Muchomo (Roasted Meats)

Muchomo is roasted chicken, beef, goat, liver, or pork, usually served with roasted plantain (Gonja), roasted matooke fingers, and kachumbari (tomato salsa and chilli peppers). The meat is chopped, marinated, and roasted on skewers over open fires. Muchomo is mostly roadside/street food, but can also be found in restaurants and bars.

TV Chicken

In the evenings, a stroll through most streets in Kampala and other major towns will take you past one chicken street vendor after another. The chicken is specially roasted in a “TV-lookalike oven” (rotisserie) and served with chips (fries) and a salad.

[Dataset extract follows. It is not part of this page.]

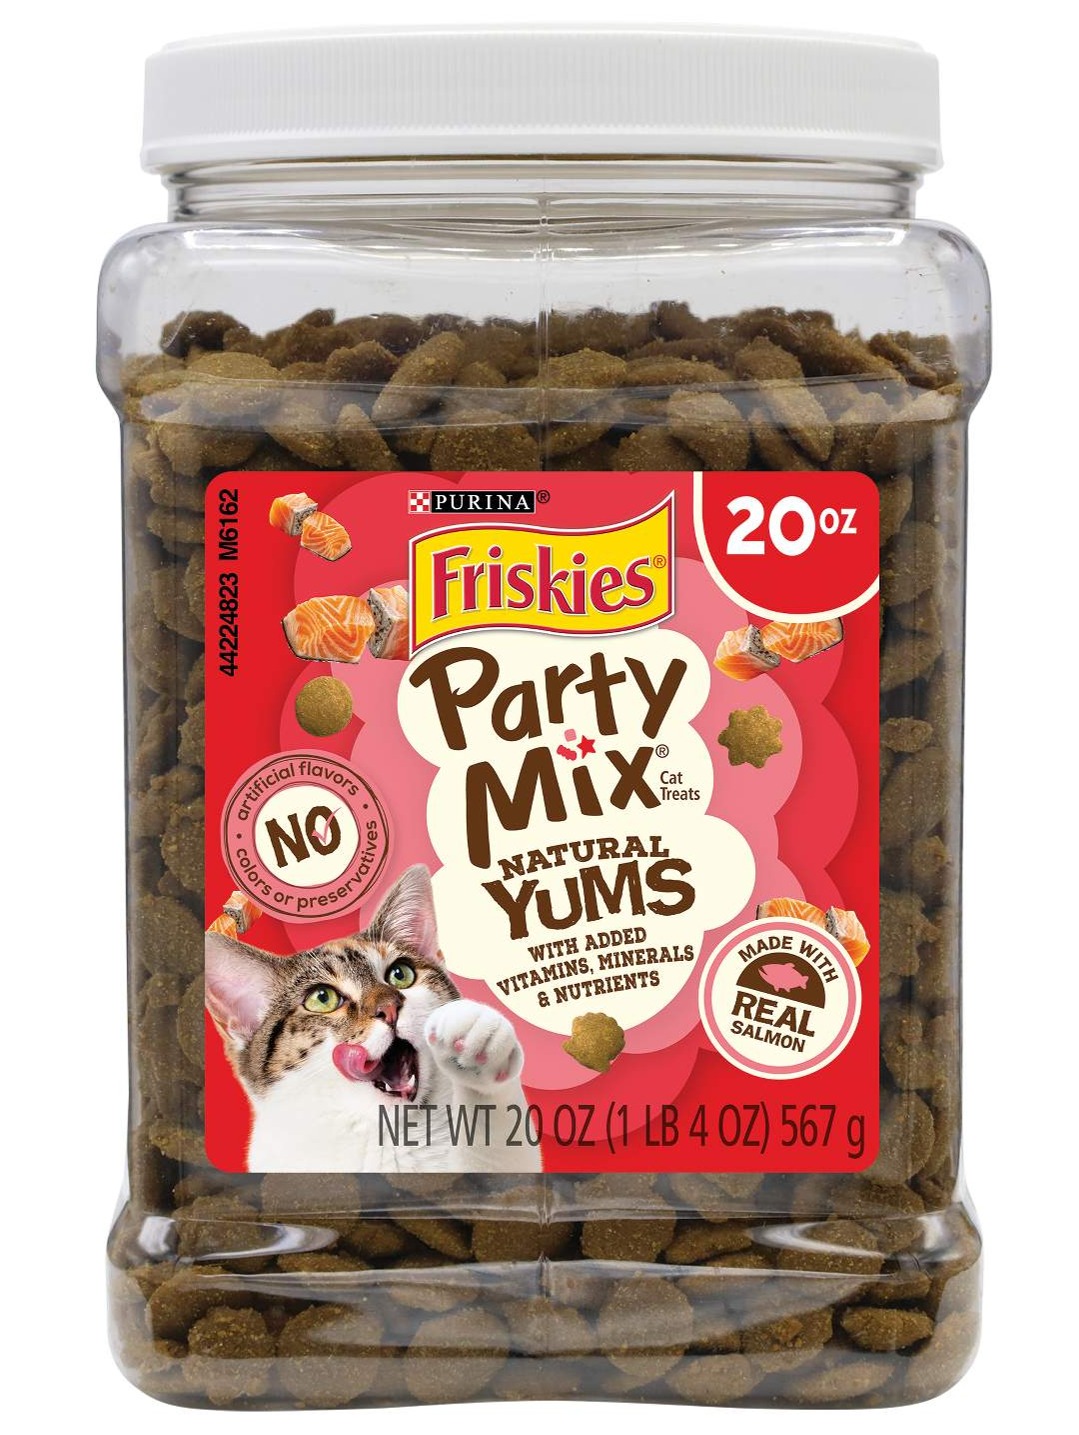 Purina Friskies Party Mix Salmon Natural Yums Seafood Flavor Crunchy Cat Treat - 20oz.  Qty 6 for $22.92 @ Target

Kabalagala/Ugandan Pancakes

Cassava (tapioca) flour is mixed with mashed sweet bananas and kneaded into a soft dough. The batter is then rolled out into a thick circle, cut out with a glass to make round shapes, and deep-fried to a golden brown.

Fried Cassava

Cassava tubers are chopped into slices and deep-fried to a crispy golden brown and eaten alone or served besides fried meats with kachumbari (tomato salsa) and greens.

Nsenene

Nsenene are a crispy grasshopper snack. During the wet season, around May and November, grasshoppers are captured, their wings and legs plucked off. They are then washed and fried with onions, chilli, salt, and other species. Grasshoppers secrete oil, which is used to fry them into crisp crunchy snacks. Many people say that Nsenene taste like crispy fried chicken skin. Yummy!

Chapati

Chapati is both a side dish and snack in Uganda. It is a type of unleavened flatbread that is very similar to a tortilla. It can be served with several different entrees such as meat, beans, or vegetables, and is most often paired with a Rolex.

Kikomando

Kikomando, most popular with youths, is a mix of chopped chapati and beans. Other alternative ingredients of Kikomando include avocado, meats, or vegetable stew. This meal is served at both street stalls and restaurants, making it very easy to find. It is perfect for travellers on a budget because it is very inexpensive.

Gonja (Plantain)

Although they look like bananas, plantains (also called Boli in Nigeria) have a banana’s sweetness when ripe but are starchy, like potatoes. When roasted, they have a sweetsavoury taste. It is served on the streets and in restaurants as part of the main menu. In grocery stores, it is packaged as thin slices, deep-fried to crunchy perfection.

Roasted Corn (Maize)

A snack for any time of day, maize is slowly roasted over a medium fire until all sides turn to a brownish colour. Since fresh maize is used, this snack is seasonal and unavailable at certain times of the year.